It worked for my problem.

----------

## think4urs11

 *ConiKost wrote:*   

> Already tried this.

 Then you should have written so in the first place.

You did use routes_ath0 instead of _eth0 as in the example? You did restart your interface after the change?

btw: this should have been posted in Networking&Security

----------

## calr0x

 *Think4UrS11 wrote:*   

>  *ConiKost wrote:*   Already tried this. Then you should have written so in the first place.
> 
> You did use routes_ath0 instead of _eth0 as in the example?
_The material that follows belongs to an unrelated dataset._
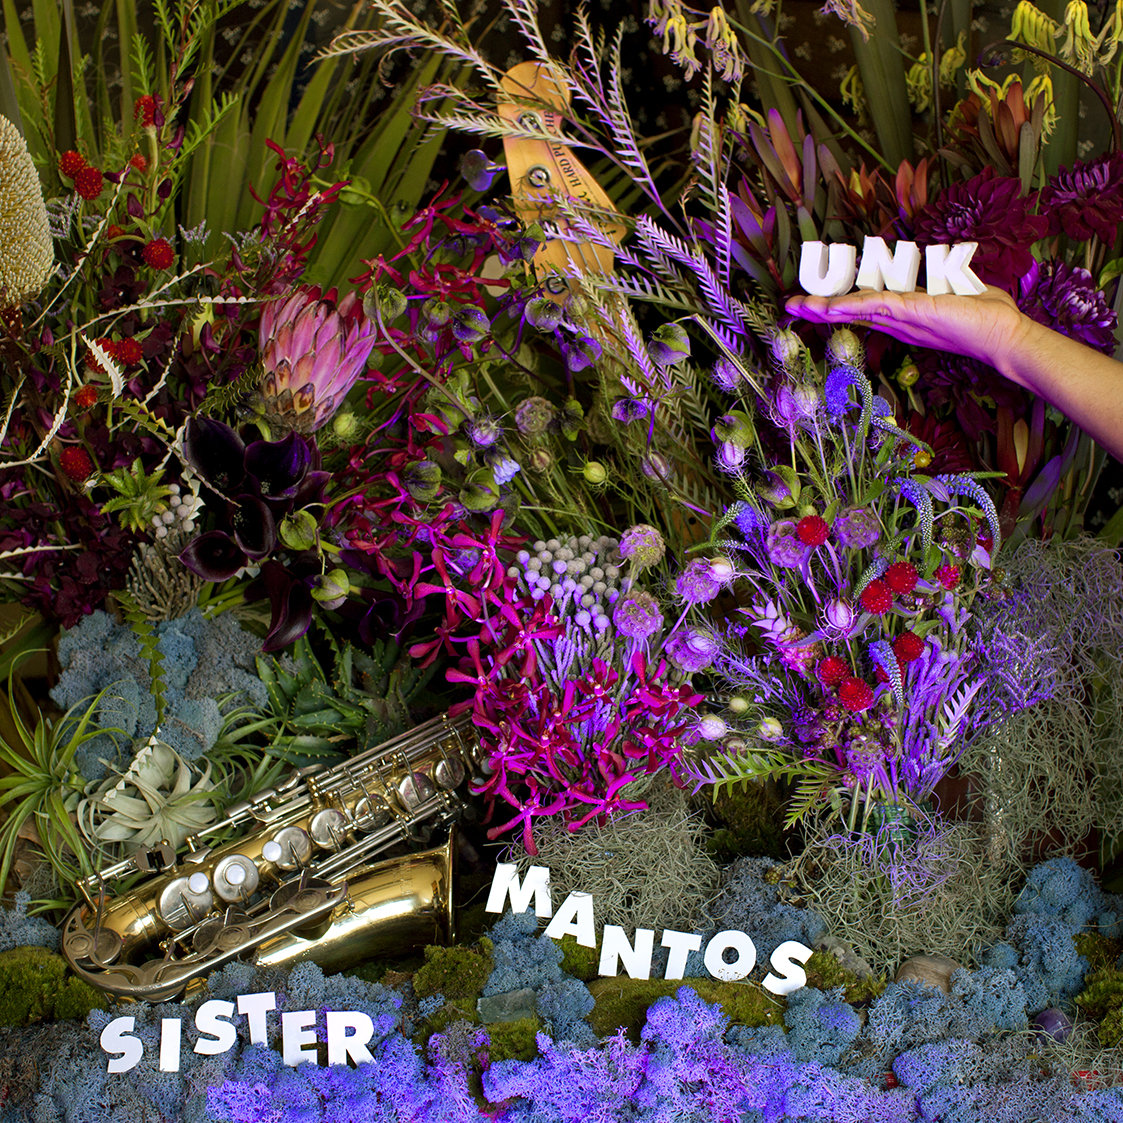 SISTER MANTOS / シスター・マントス / UNK (EP)

You did restart your interface after the change?
> 
> btw: this should have been posted in Networking&Security

 

Talkin out my ass here, but isn't this a portage problem?

----------

## UberLord

 *Think4UrS11 wrote:*   

> according to /etc/conf.d/net.example the correct syntax would be routes_eth0=( "default via 192.168.0.1" )
> 
> thats why the example file is there 

 

We support both via and gw

----------

## UberLord

 *ConiKost wrote:*   

> manual setting with "route add default gw 192.168.0.1" works

 

Yeah, bug.

Fixed in -r1

----------

## nixnut

Moved from Portage & Programming to Networking & Security.

Network stuff, so moved here.

----------

## andrewwalker27

Unfortunately I can't emerge --sync to upgrade!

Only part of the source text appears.